• _AVAILABLE DATA_:
■ ■ ■ ■

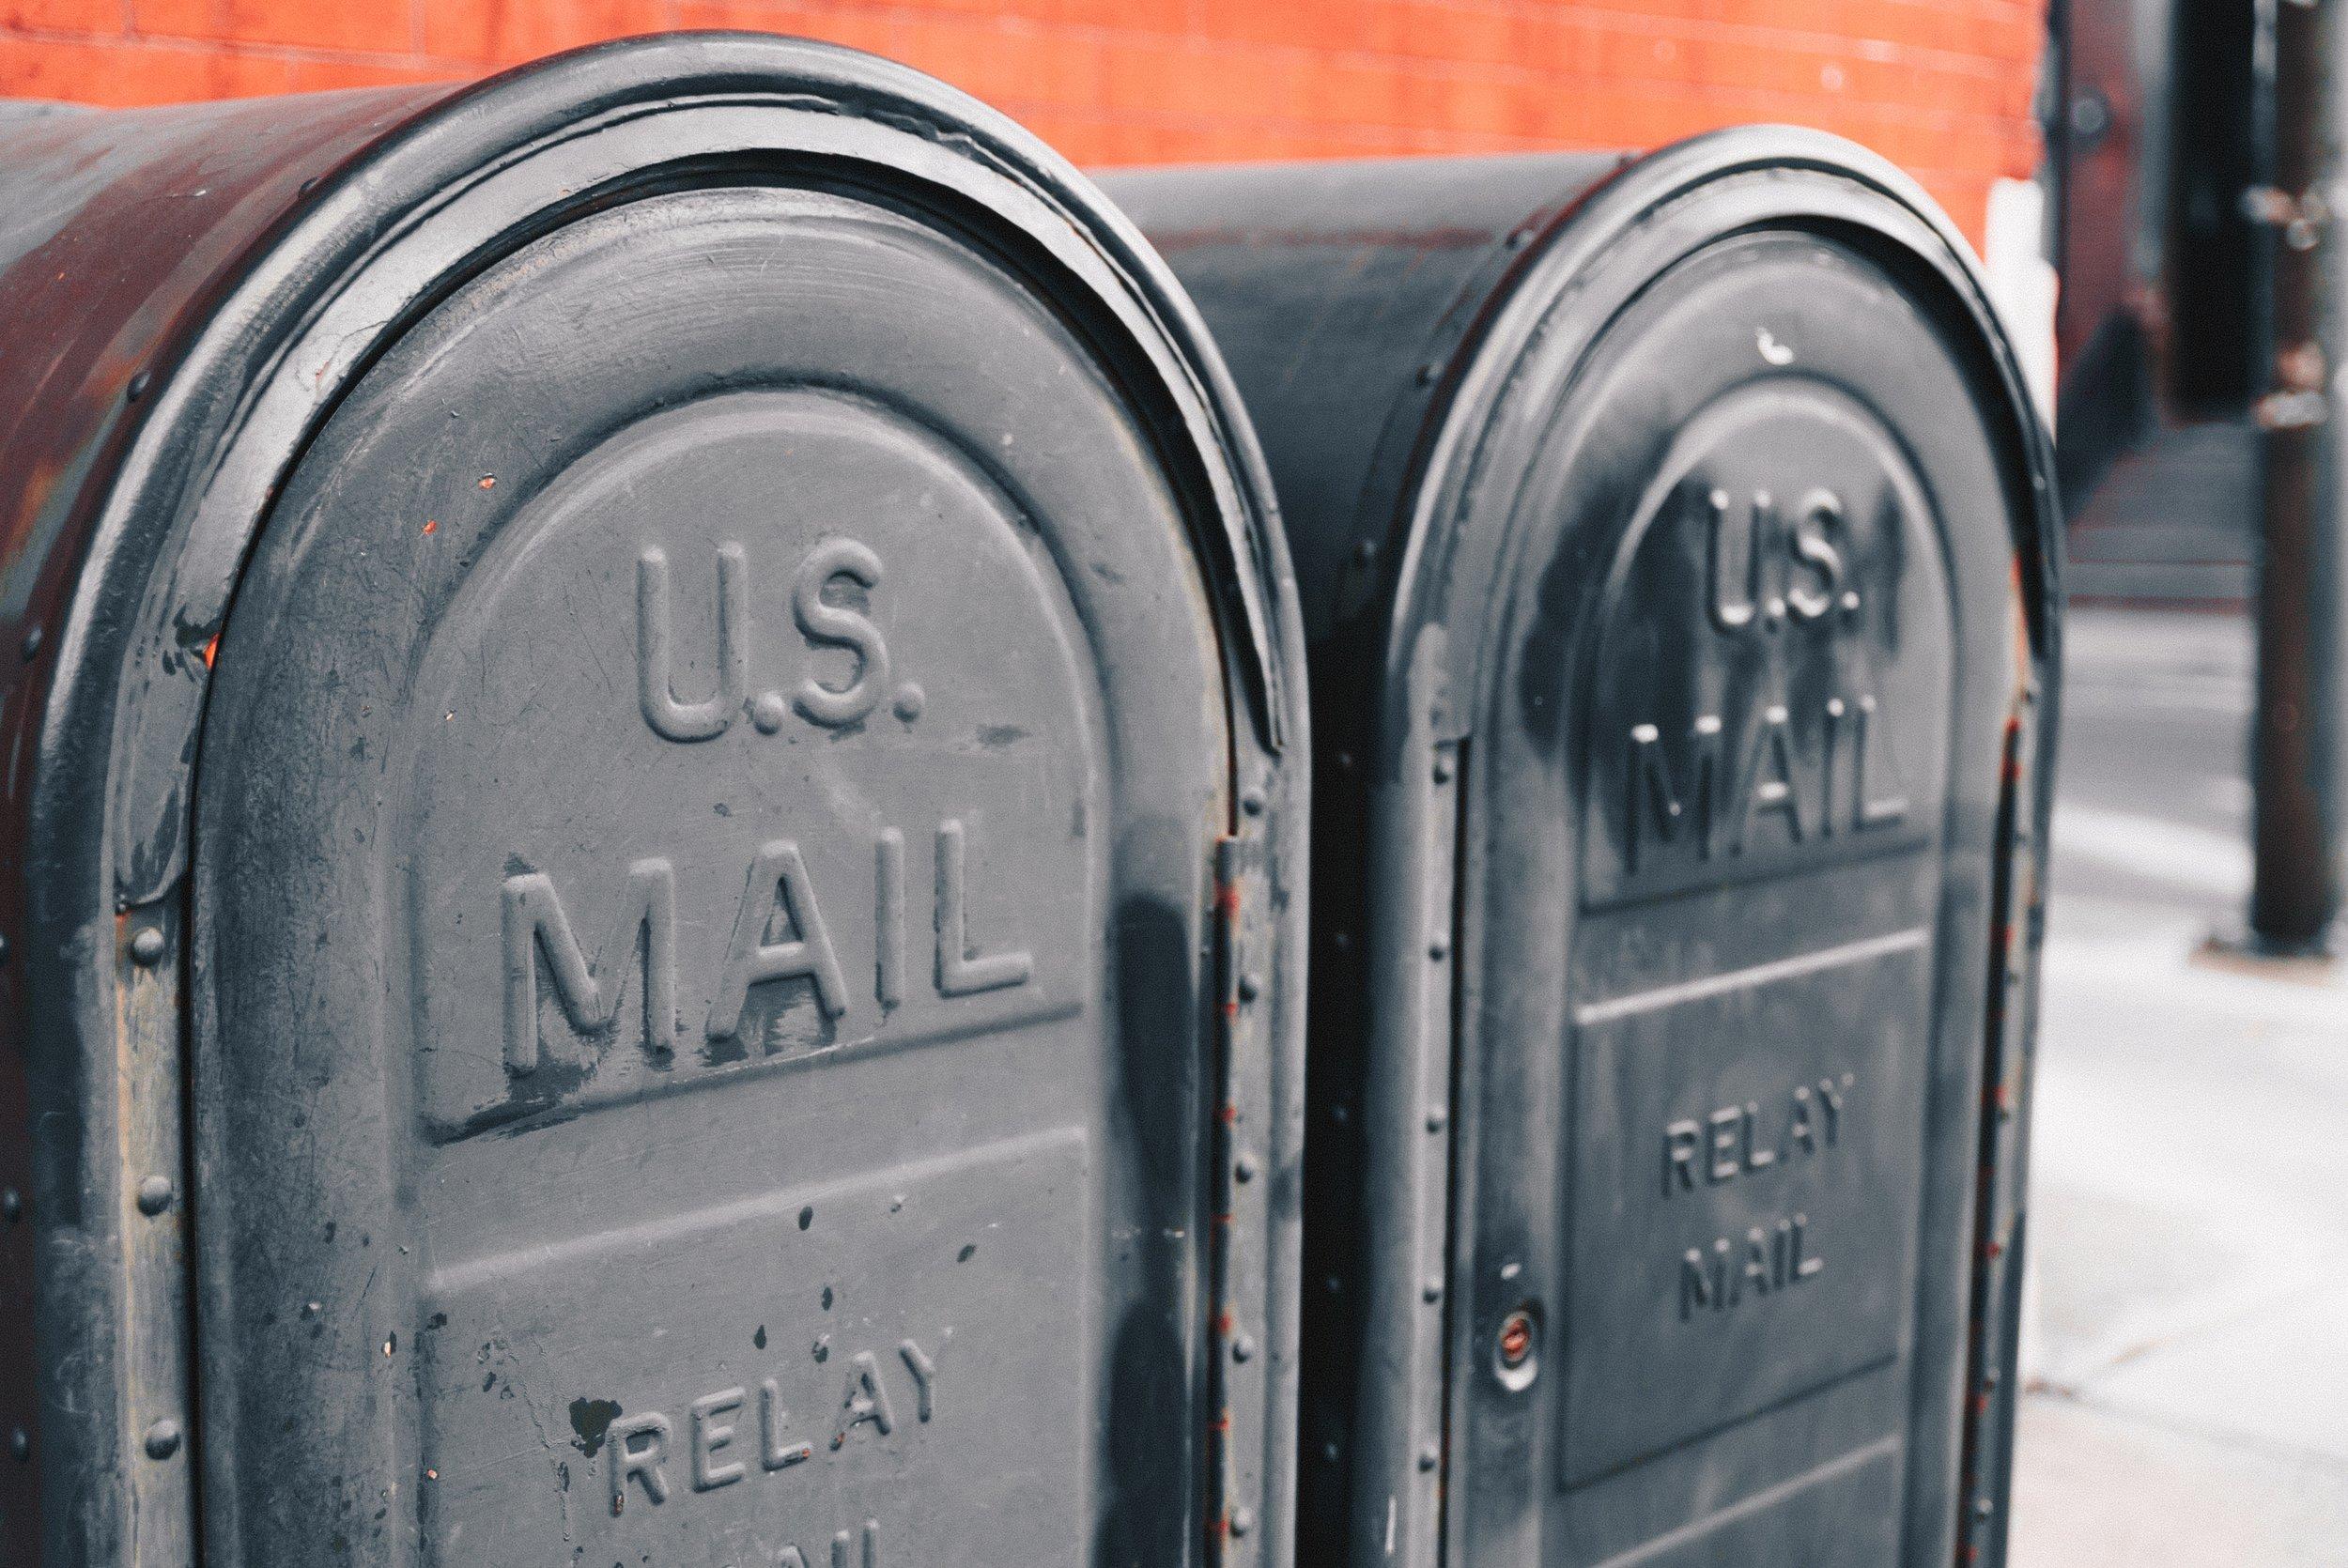 Mail Ticks
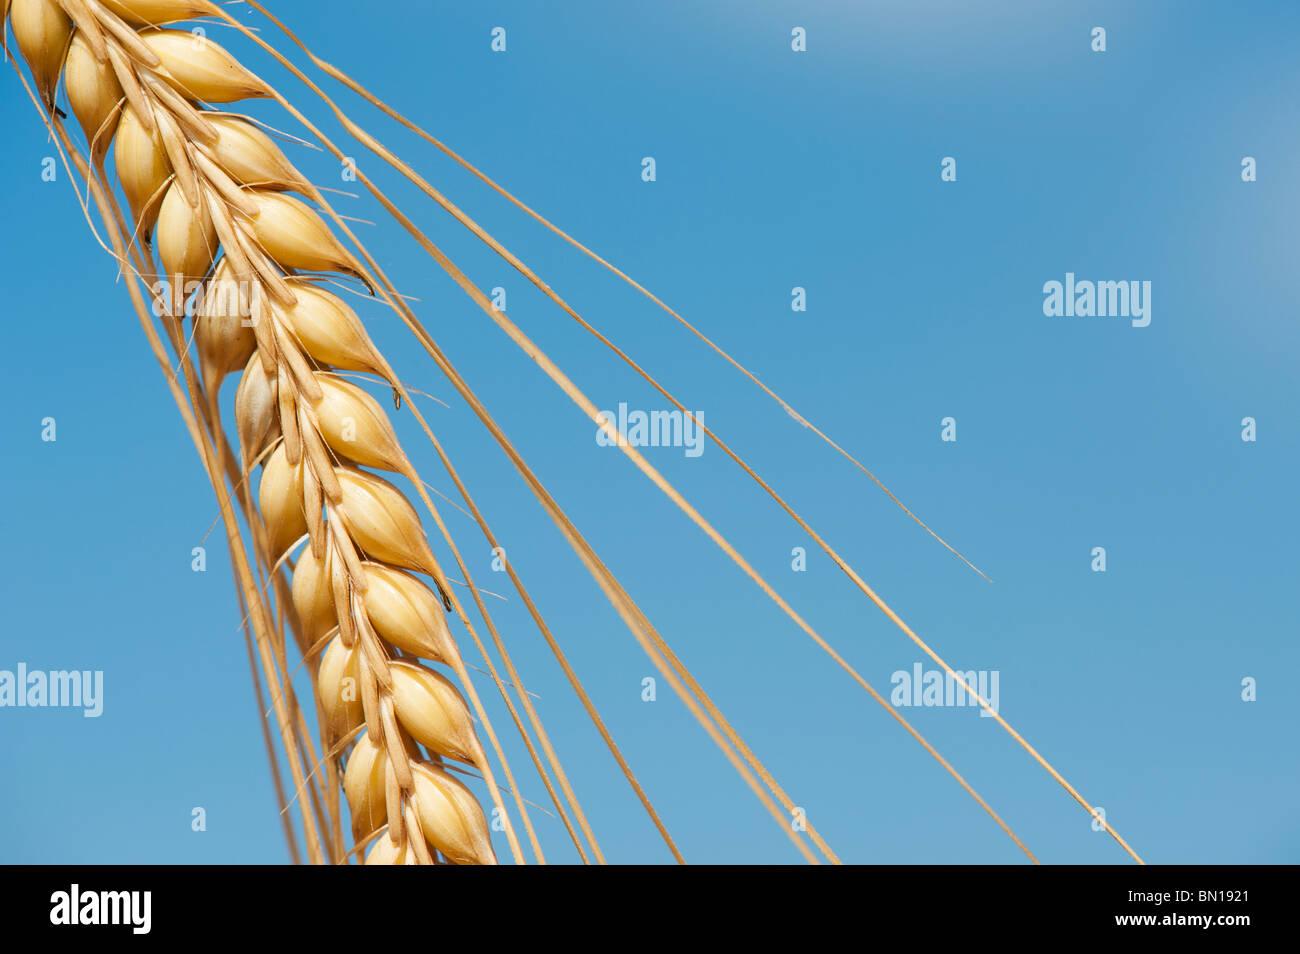 Hordeum vulgare. Single barley stem ripening against a blue sky - Stock Image
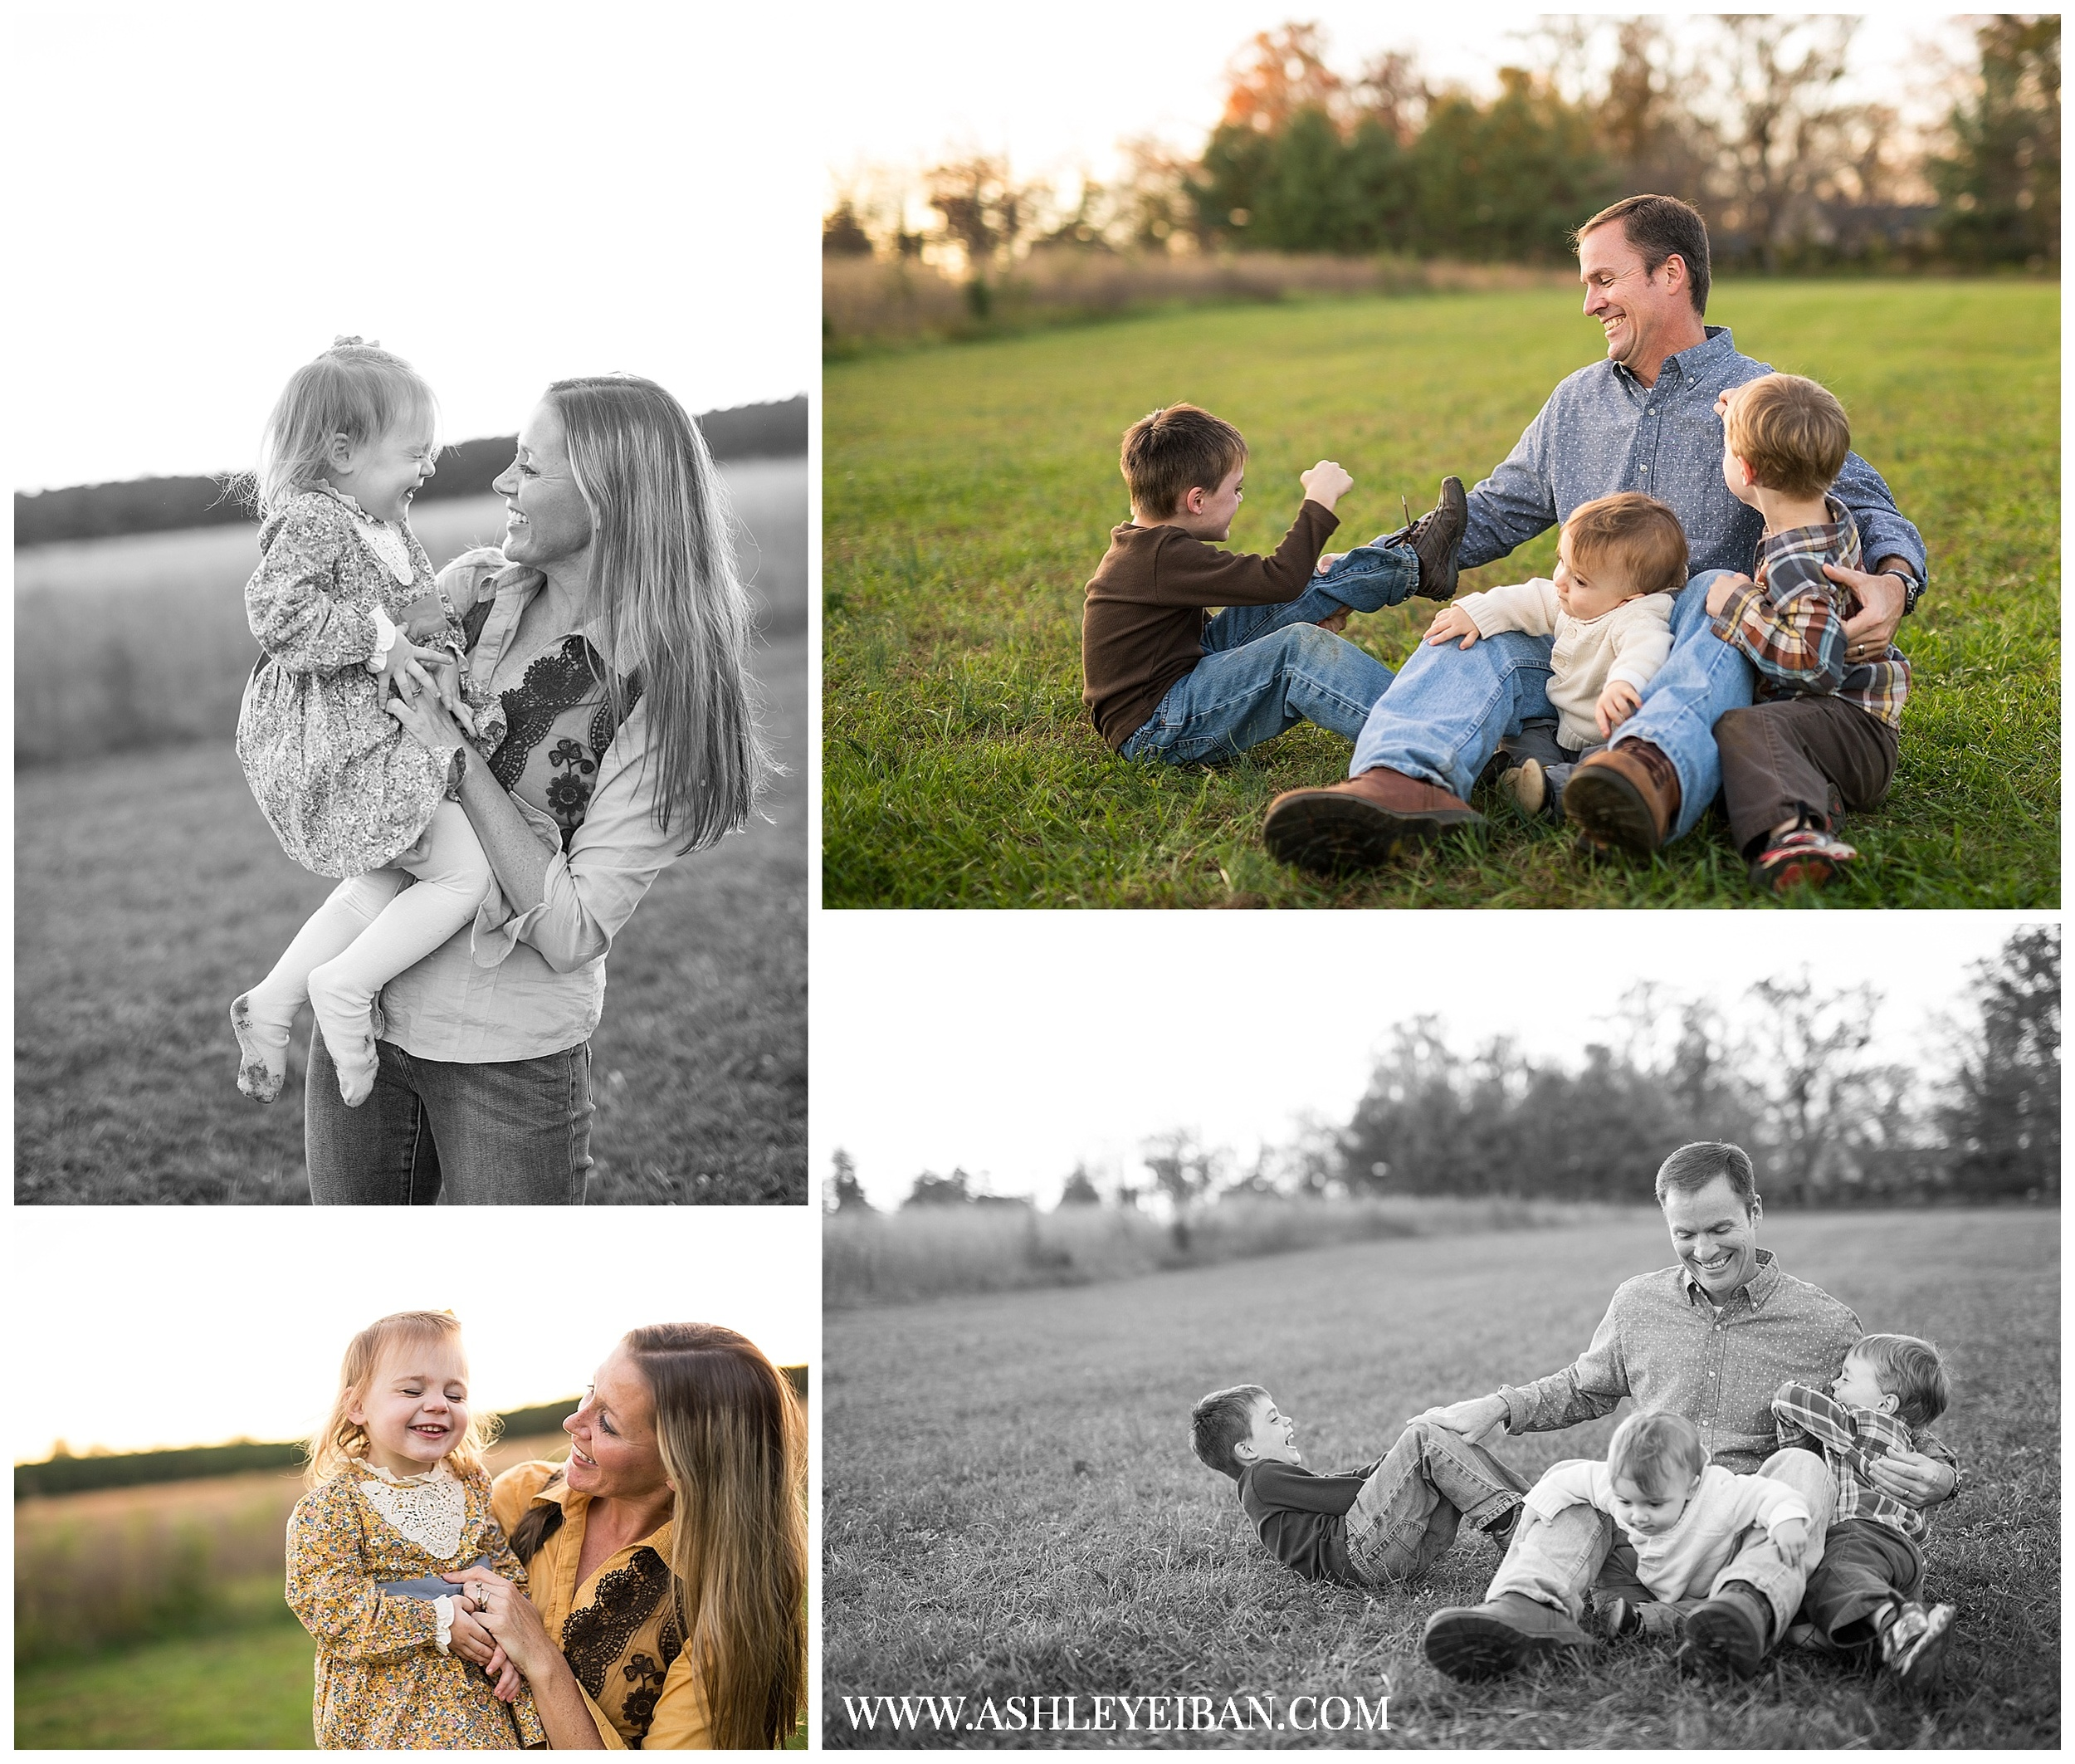 Lynchburg, Virginia Family Photographer || Central Virginia Wedding & Portrait Photographer  || Ashley Eiban Photography || www.ashleyeiban.com

■ ■ ■ ■

• _YOUR TASK_:
Leaving the pictures out, set down all of the data again exactly.

• _RESPONSE TO THIS TASK_:
 Mail Ticks
 Hordeum vulgare. Single barley stem ripening against a blue sky - Stock Image
 Lynchburg, Virginia Family Photographer || Central Virginia Wedding & Portrait Photographer  || Ashley Eiban Photography || www.ashleyeiban.com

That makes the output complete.